Alex Krewanty

Personal information
- Born: 12 April 1975 (age 51) Port Moresby, Papua New Guinea
- Height: 185 cm (6 ft 1 in)
- Weight: 105 kg (16 st 7 lb)

Playing information

Rugby league
- Position: Fullback, Wing, Centre
Club
| Years | Team | Pld | T | G | FG | P |
| 1996–05 | Port Moresby Vipers |  |  |  |  |  |
Representative
| Years | Team | Pld | T | G | FG | P |
| 2000 | Papua New Guinea | 5 | 1 | 0 | 0 | 4 |

Rugby union
Representative
| Years | Team | Pld | T | G | FG | P |
| 2002 | Papua New Guinea 7s |  |  |  |  |  |
- Source: As of 25 November 2023
- Relatives: Arnold Krewanty (brother)

= Alex Krewanty =

PNG international rugby league footballer

Alex Krewanty is a Papua New Guinean rugby league footballer who represented Papua New Guinea in the 2000 World Cup.

He is the younger brother of former International, Arnold Krewanty.

Apart from Rugby League, Krewanty also played in the Hong Kong Sevens for PNG Pukpuks in the 2002 Hong Kong Sevens.

==Playing career==
Krewanty played five test matches for Papua New Guinea in 2000, including all four matches at the 2000 World Cup.
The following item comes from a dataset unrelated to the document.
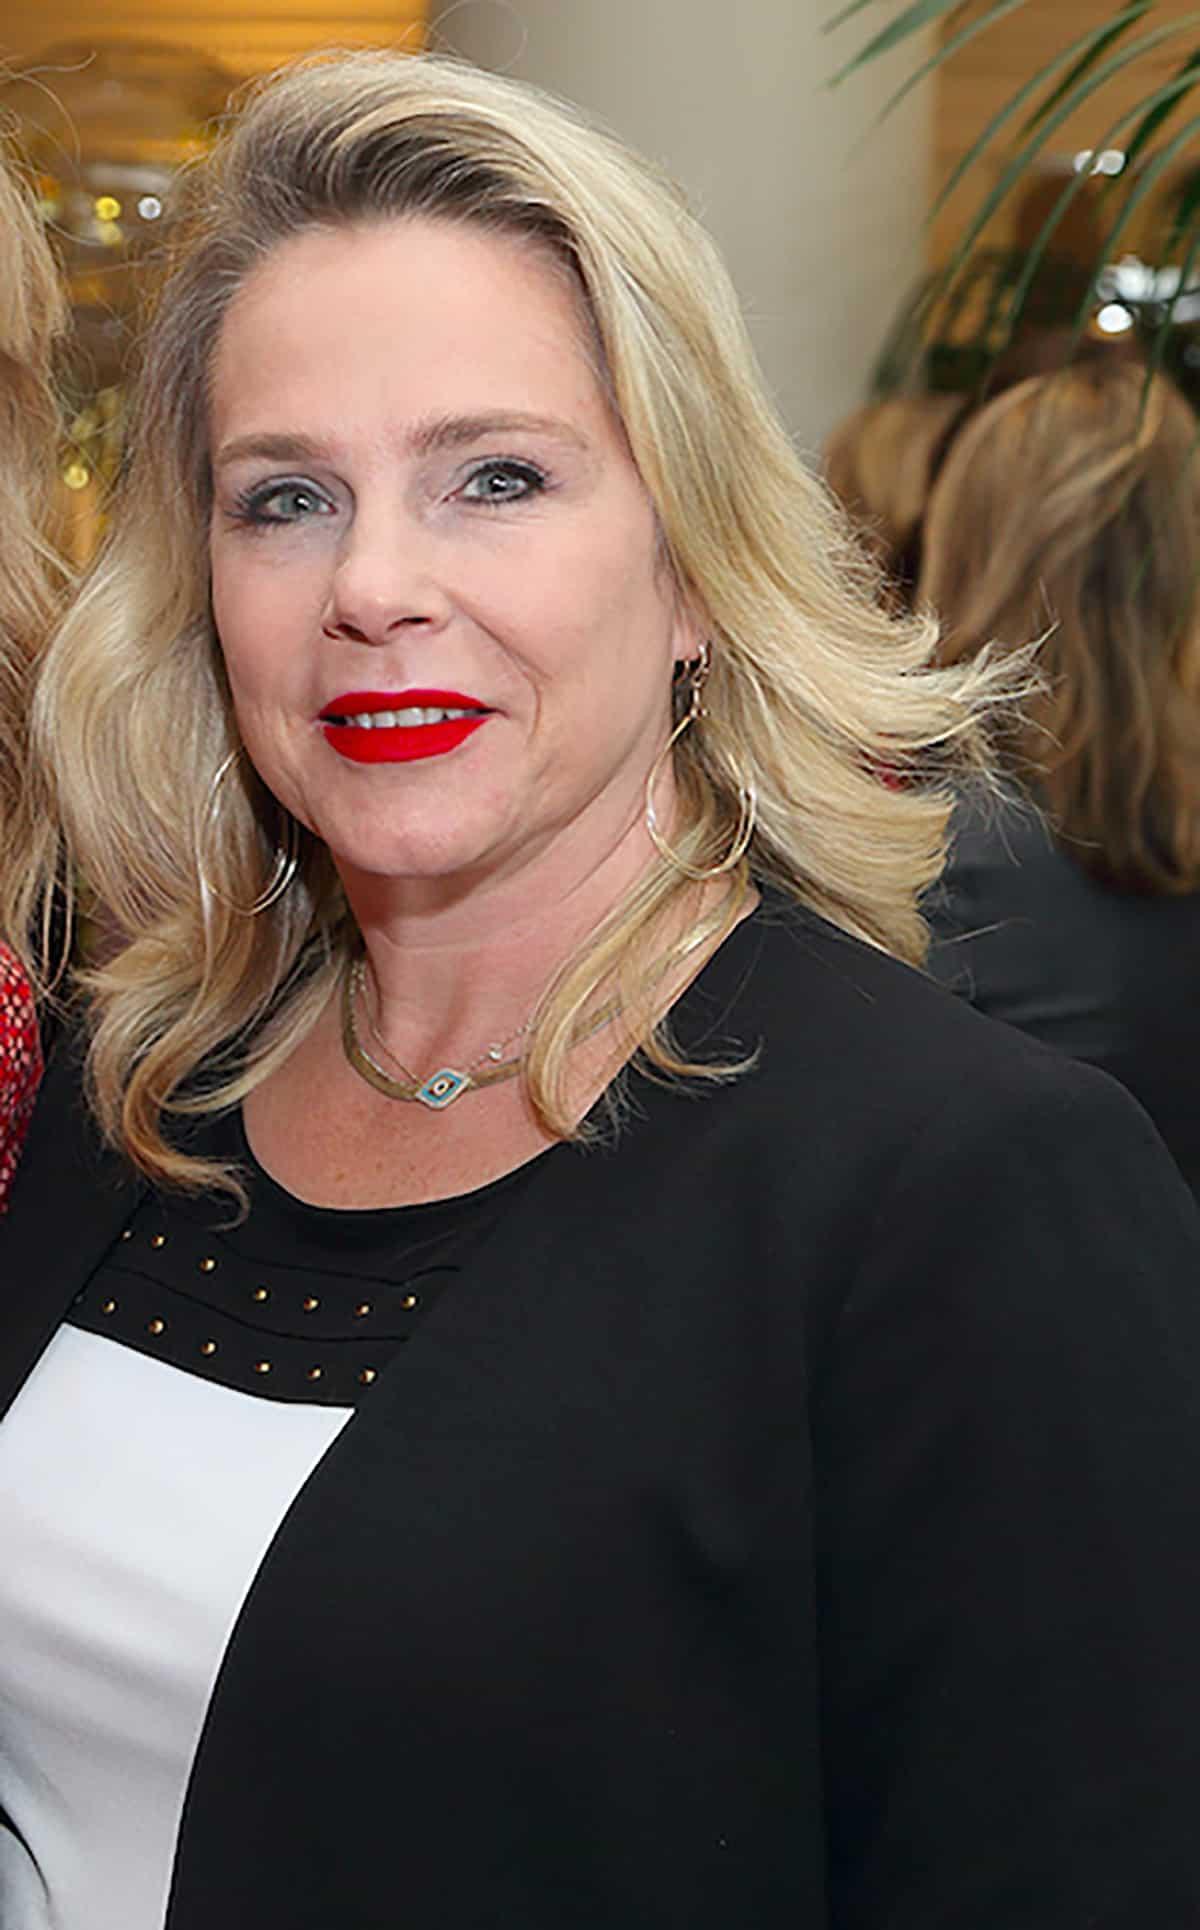 Tina Zillman

Krewanty played in the NSW Metropolitant Cup Competition and also had a stint with First Division Bankstown Canterbury Bulldogs

Krewanty also played in the Super League Nines in Fiji for the PNG Kumuls

Krewanty played for the Port Moresby Vipers in the SP Cup and also in the Queensland Bundy Cup Competition

Alex and his brother Julius also played for the South Tweed Koalas in the Gold Coast Group 18 Competition

.

Krewanty was juggling his Teaching and Rugby League Career all at once.